Bruno Duarte, financial credit manager at Algebris
“In this fight for duration, spike in inflation and rally in interest rates, everyone parked their savings in money market funds over the past 12 to 18 months because they were paying 5-6% yields. You are probably not going to be enjoying that for very much longer – you need to find an alternative.
“If you are comfortable in deeply subordinated parts of the cap stack, then we think AT1s are probably the best investment out there across the entire fixed income world. It is nothing like high yield. What you get is double the spread that you really should and the average AT1 is yielding 8% to 9%. And you don’t have to go off piste to find them – you can stick to national champions. When we look at AT1s today, the fundamentals have never been better.”
After a prolonged period of uncertainty, investors have become more confident in the future of markets in recent month by putting their money back into markets.
Nevertheless, concerns still remain for these experts, who warned investors to be cautious of credit and loan markets, as well as the long-term economic future of the UK.
Vivek Paul, global head of portfolio research at BlackRock
“I would be worried about some elements of public credit and investment grade credit given where spreads are and the asymmetries around that. In terms of the other side, for those investors who can operate in this space, I would also highlight private credit exposures.
“We think there is a structural shift in the market – the future of finance is evolving. It is not without risk, but I think spread levels and the structural opportunities there might be attractive.”
Oliver Blackbourne, multi-asset manager at Janus Henderson
“The tailwind for the loans asset class is running out.

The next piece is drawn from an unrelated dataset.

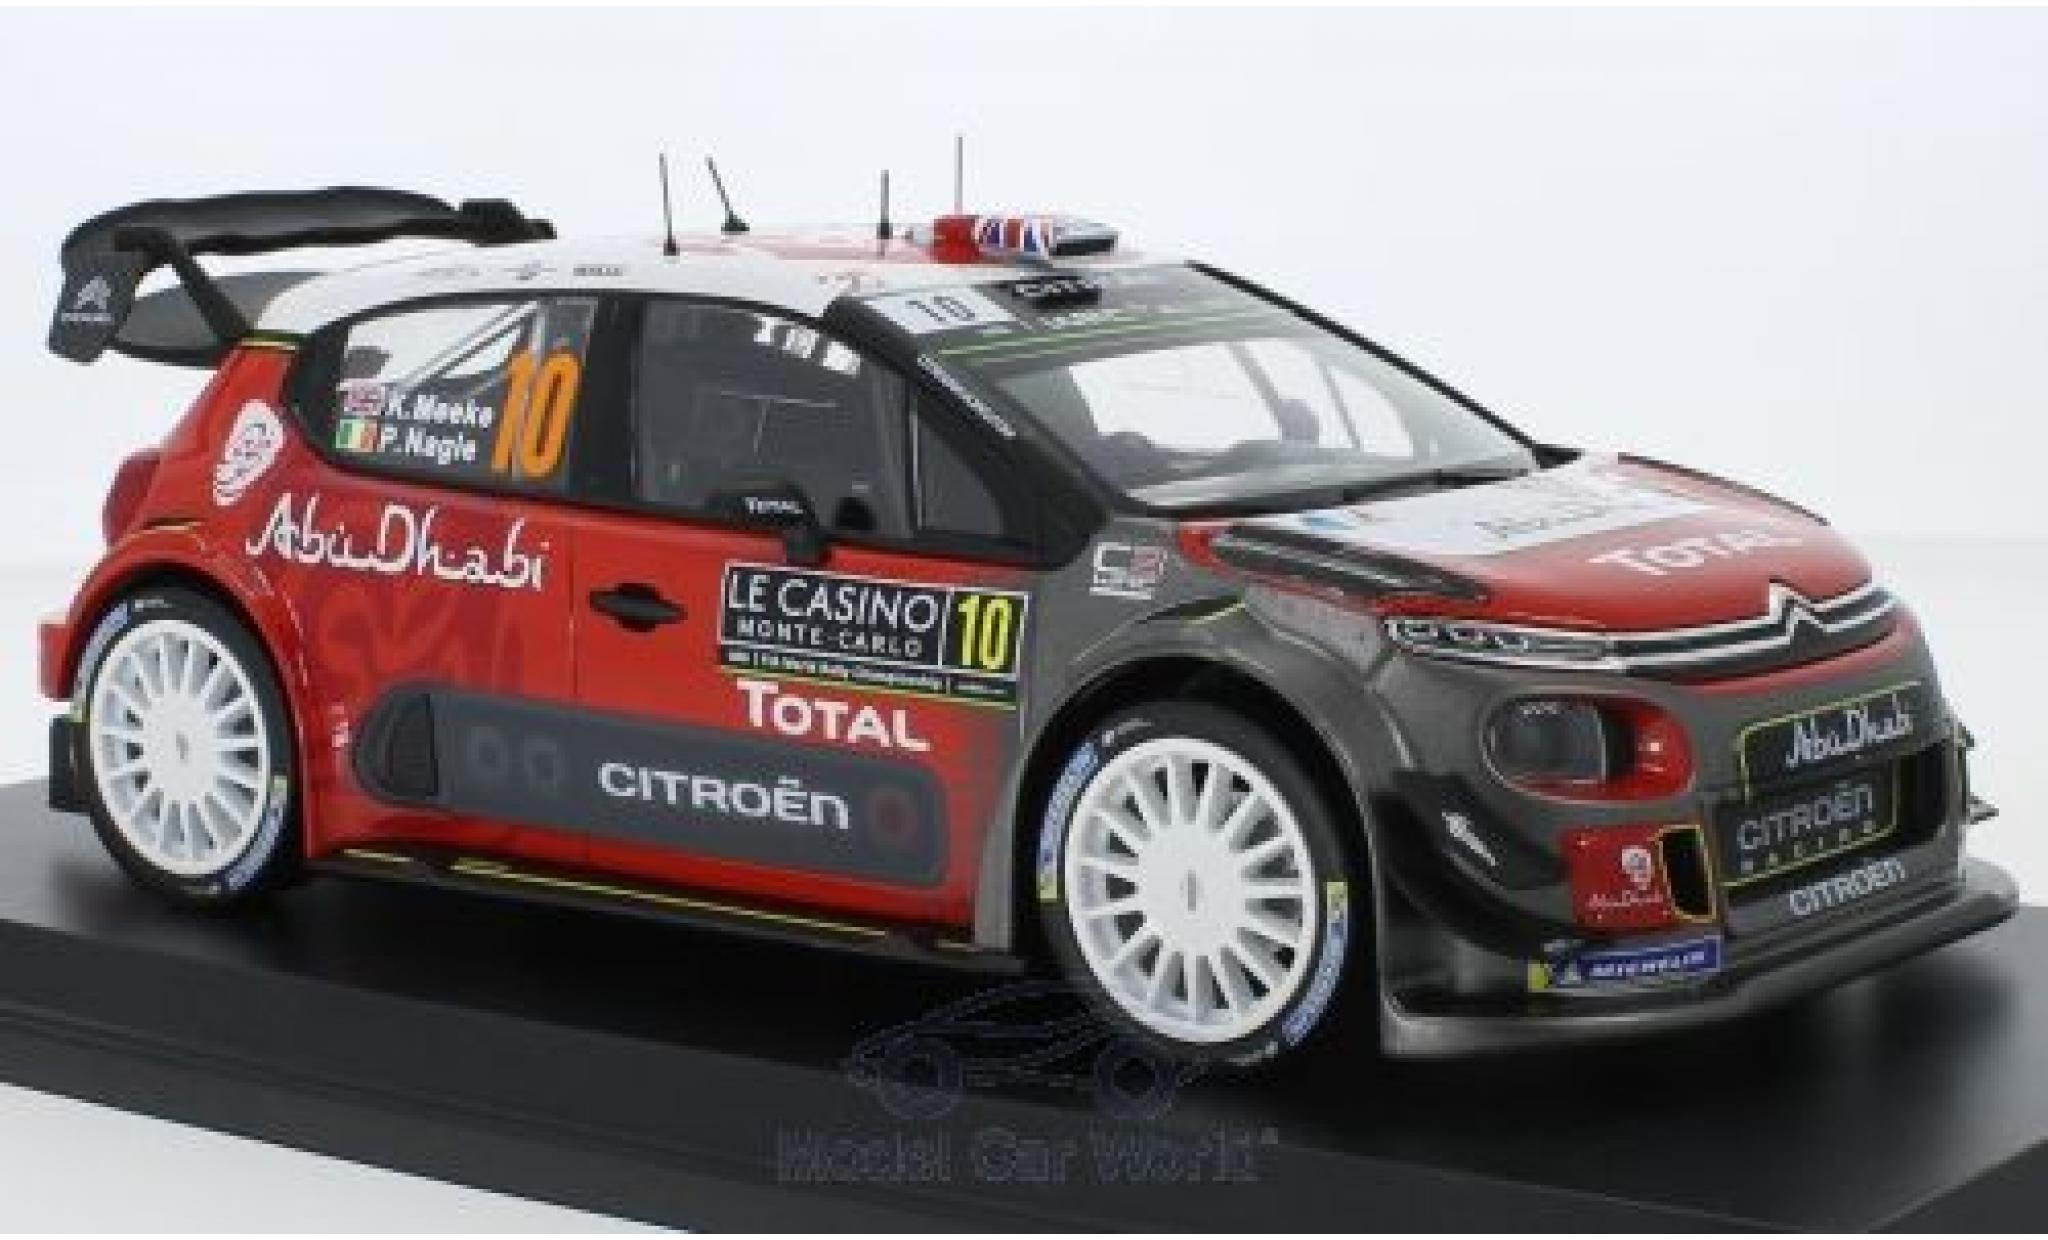 Citroen C3 1/18 Norev WRC No.10 Rallye WM Rallye Monte Carlo 2018 K.Meeke/P.Nagle

There is more credit risk there and you are going to lose the tailwind you have had from rising interest rates. The delayed defaults will also become an increasing issue there, so that is one that we are worried about.
“On the flip side, we are finding really good value in real assets. If you are looking at renewables, infrastructure and specialist pots of property, there are some big discounts there that have some very solid underlying cashflows, whether you are looking for inflation-adjusted assets or government-backed cashflows.”
Seema Shah, chief global strategist at Principal Asset Management
“I agree about the loans, but on the positive side, I would be investing in US small-cap equities. I think it is going to have a tough first part of the year as you get a bit of a slowdown, but valuations are amazingly attractive and if you are willing to sit through some of that volatility, I think the second half of the year is going to be very strong.
“The UK has certainly been more resilient than I anticipated, just as you have seen in many countries around the world. But the concerns I have for the UK are not necessarily cyclical. There are going to pass through from the rate hiking cycle, but from a strategic perspective, I do have concerns about the UK’s long-term productivity growth.
“Political instability is never something that international investors want to get involved in – that I think is key. But there is another issue around labour supply. We have had a huge amount of immigration in the last couple of years, but the people who can actually join the labour supply as working individuals is relatively limited to what you have seen previously.
“If that were to persist then you are looking at a tighter labour supply, which would suggest higher structural inflation pressures. What is the long-term investment perspective for a country that has a higher cost of capital and not much political stability?”